Уже во время первого пребывания в Риме с начала ноября 1786 года до конца февраля 1787 года Гёте завел множество друзей. Среди них следует особо упомянуть знаменитую своей поразительной творческой плодовитостью художницу Ангелику Кауфман. Будучи старше Гёте на несколько лет, она успела разбогатеть благодаря своим картинам, отвечавшим интересу современников к классицизму. Кауфман уже несколько лет проживала со своим мужем-итальянцем, также живописцем, в Риме и могла познакомить Гёте с итальянскими художниками. Когда Гёте уехал, она писала ему: «День Вашего отъезда – один из самых грустных дней в моей жизни»[952]. У Ангелики он проводил воскресные дни, в ее экипаже совершал прогулки по окрестностям Рима, ей он читал свои неопубликованные произведения, а она давала ему уроки рисования. Кауфман написала его портрет, который, впрочем, по мнению самого Гёте, вышел не совсем удачным. «Получился красавчик, но со мной – ни капли сходства»[953].
Другом Гёте стал и Тишбейн, проживавший с ним в одной квартире и сопровождавший его в путешествии в Неаполь. О нем Гёте пишет в письме герцогу: «Столь чистого, доброго и в то же время умного и образованного человека я больше не встречал»[954]. Когда Тишбейн чуть позже отказался от совместной поездки на Сицилию, Гёте сильно расстроился. Он не мог смириться с тем, что у значимых для него людей были и другие обязательства. У Тишбейна были заказы, которые следовало выполнить в срок, и поэтому, в отличие от финансово обеспеченного Гёте, он не всегда мог проводить время так, как ему заблагорассудится. Все еще раздосадованный, Гёте пишет о Тишбейне: «В целом с ним легко ужиться, но есть у него одна странность, которая со временем начинает раздражать. За что бы он ни брался, все оставлял в состоянии некой неопределенности, вследствие чего он, сам того не желая, часто вредил и досаждал другим»[955]. Большой живописный портрет Гёте («Гёте в Кампанье») был закончен тогда, когда недопонимание уже омрачило их дружбу. Несмотря на это, портрет Гёте понравился, и он увез его с собой в Веймар.
Среди новых друзей Гёте стоит упомянуть и Карла Филиппа Моритца, прославившегося благодаря автобиографическому роману «Антон Райзер» и издаваемому им журналу «Эмпирическое душеведение». Моритц родился в бедной семье и, желая осуществить свою давнюю мечту, до Рима добирался пешком. Услышав, что в то же время в Рим приехал и Гёте, он не мог поверить своему счастью. Сам он не решался посетить Гёте, но благодаря колонии немецких художников в Риме они вскоре оказались в одной компании, и между ними возникла сердечная дружба. «Я чувствую, как общение с ним возвышает меня.

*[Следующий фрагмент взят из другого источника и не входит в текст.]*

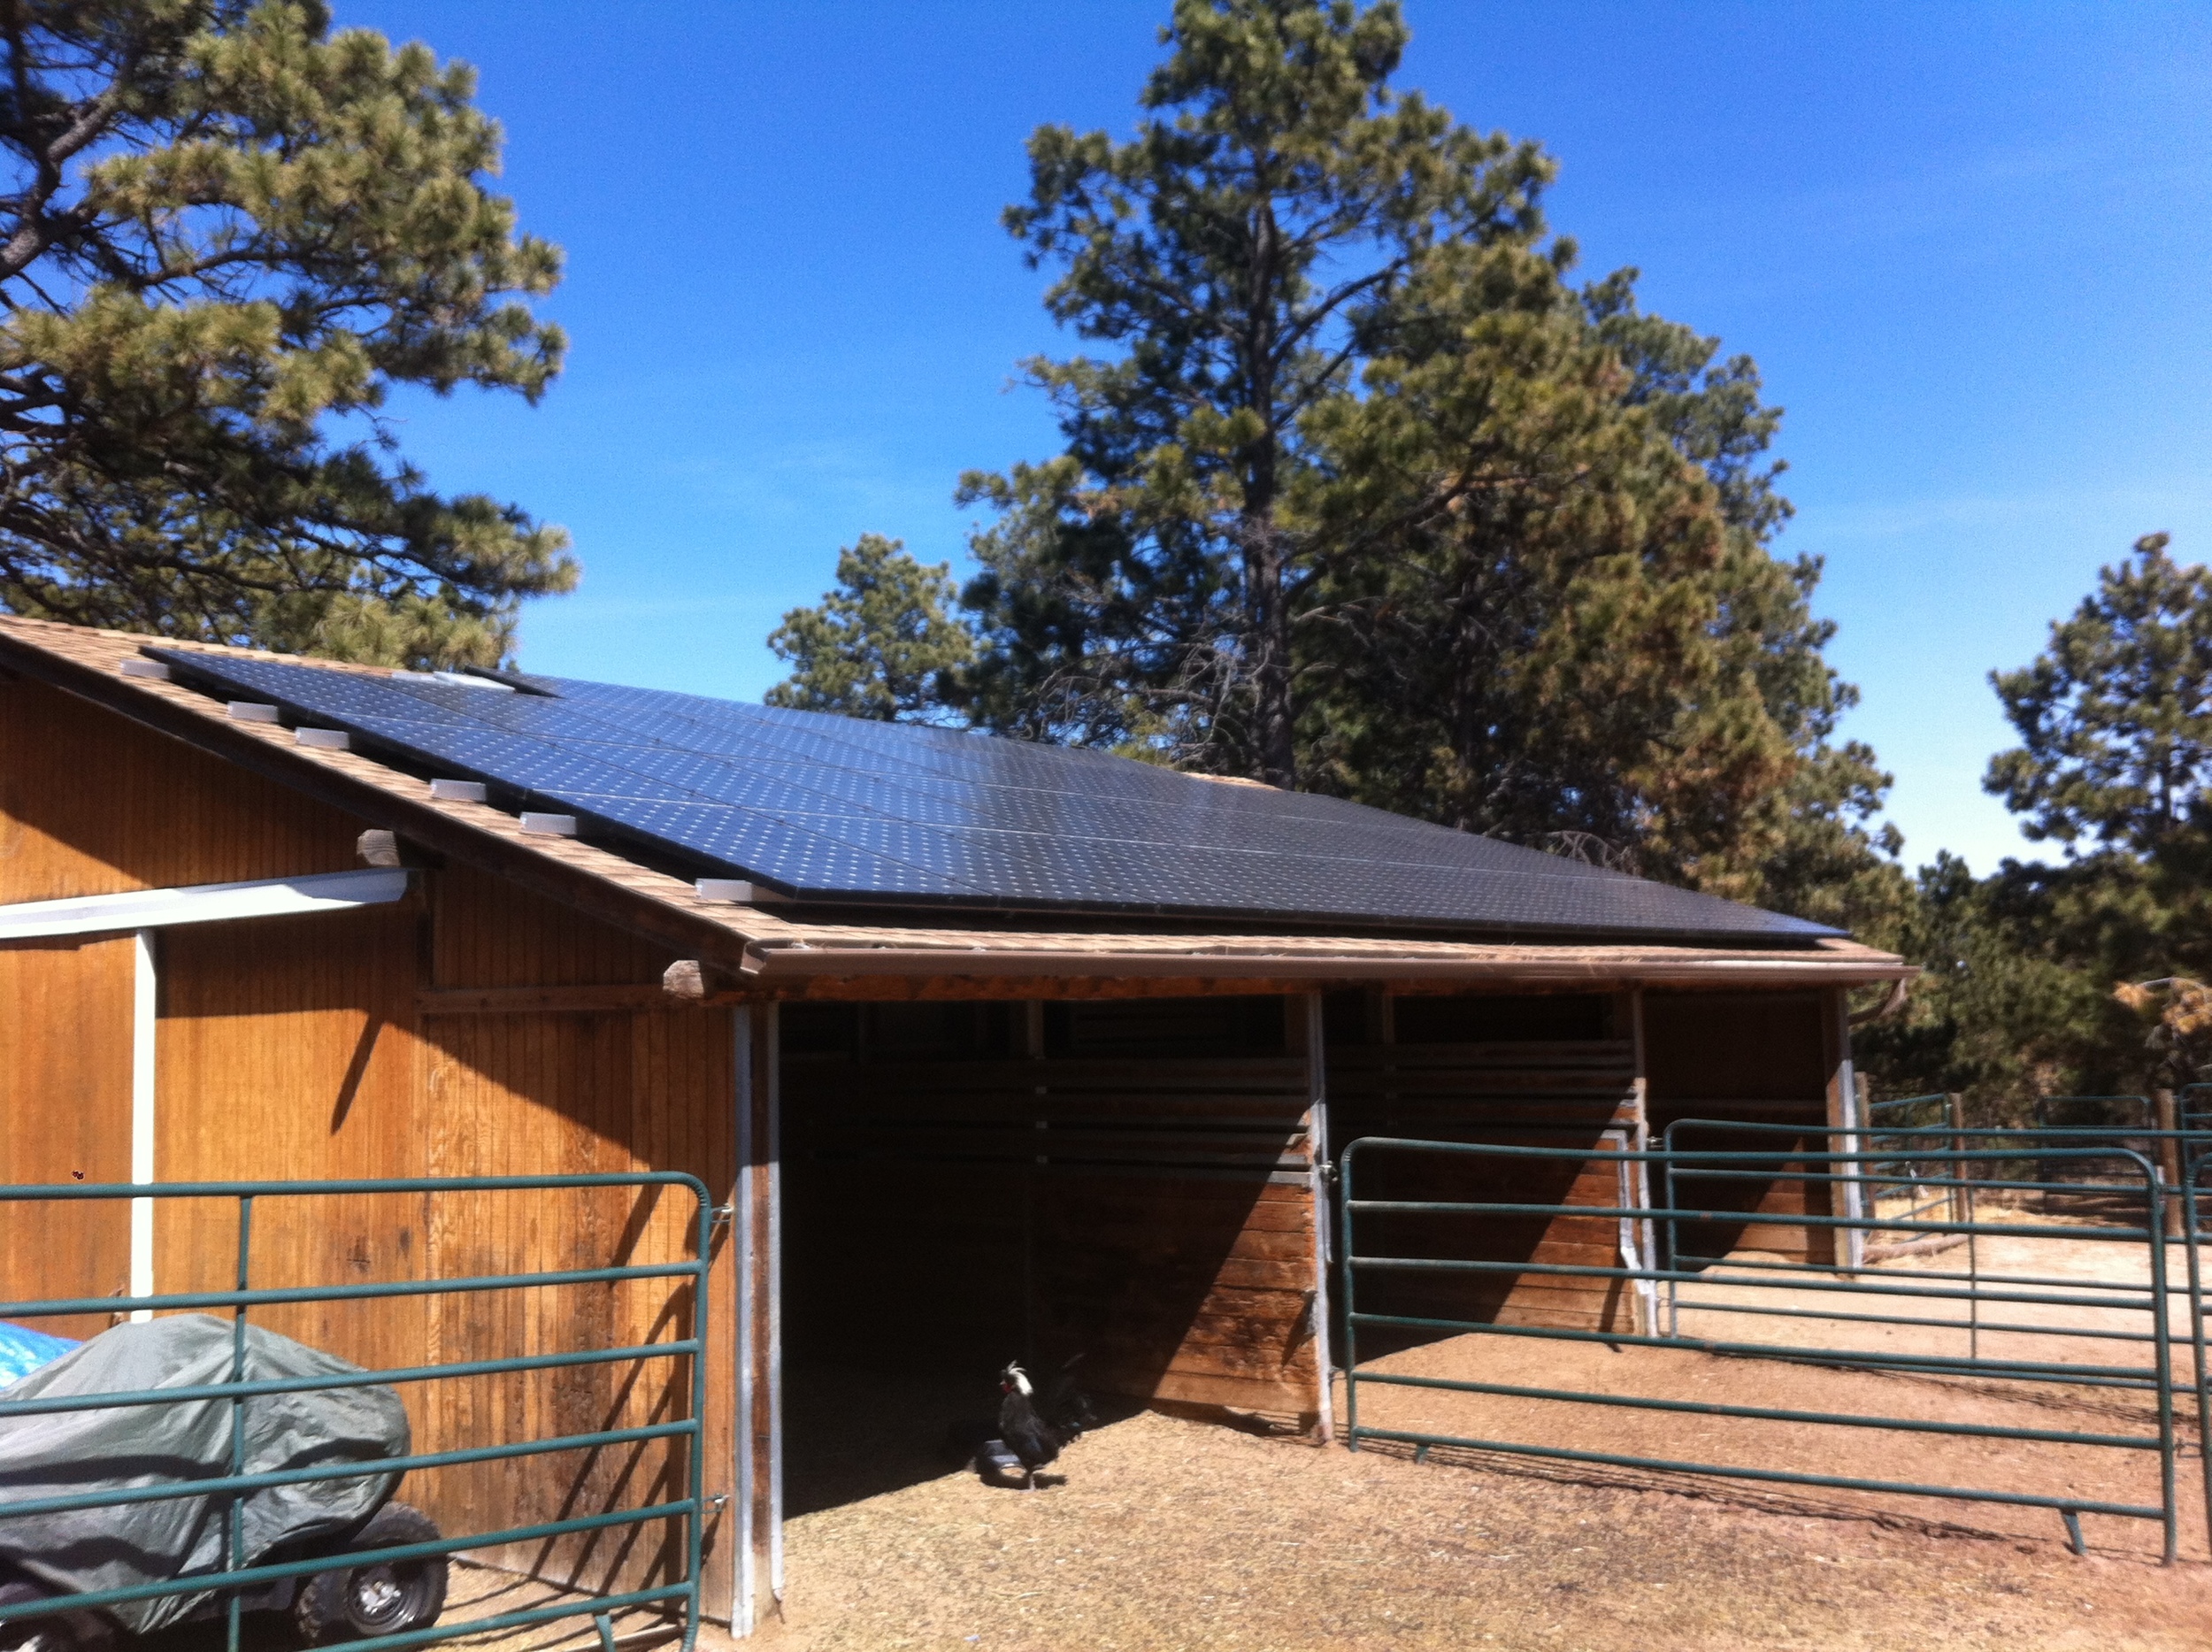 Stable Roof Solar Panels.JPG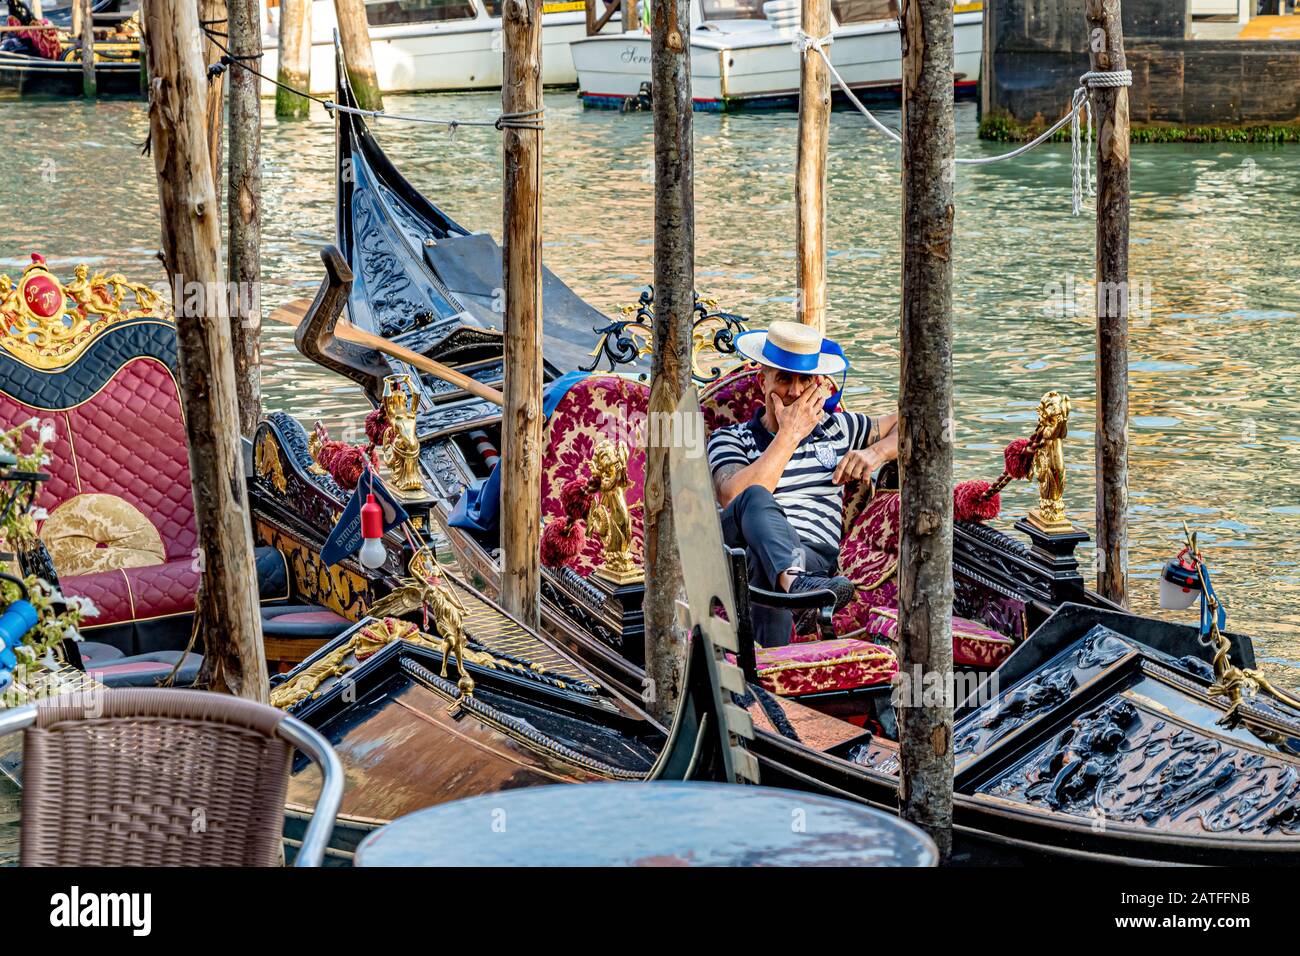 Un Gondolier prenant un repos, assis dans sa télécabine sur le Grand Canal, Venise, Italie Banque D'Images

Сбываются прекраснейшие мечты давно минувших лет»[956], – пишет Моритц одному своему другу. Сам Моритц совсем недавно опубликовал «Опыт немецкой просодии» и теперь старался помочь Гёте в работе над «Ифигенией». В конце ноября 1786 года во время совместной прогулки Моритц упал с лошади и сломал руку. Перелом долго не заживал, и Гёте представилась возможность на деле выразить свою благодарность. Он организовал уход за больным, распределив между приятелями-художниками дневные и ночные дежурства, и сам провел немало часов у постели друга. Вот что он писал об этом Шарлотте фон Штейн: «Моритц, который со своей сломанной рукой все еще не встает с постели, рассказал мне кое-что из своей жизни, и я поразился ее сходству с моей. Он мне как младший брат – по натуре такой же, только там, где ко мне судьба благосклонна, он обижен и изнурен. Это позволяет мне по-новому взглянуть внутрь себя, особенно когда он недавно признался, что своим отъездом из Берлина огорчил свою сердечную подругу»[957].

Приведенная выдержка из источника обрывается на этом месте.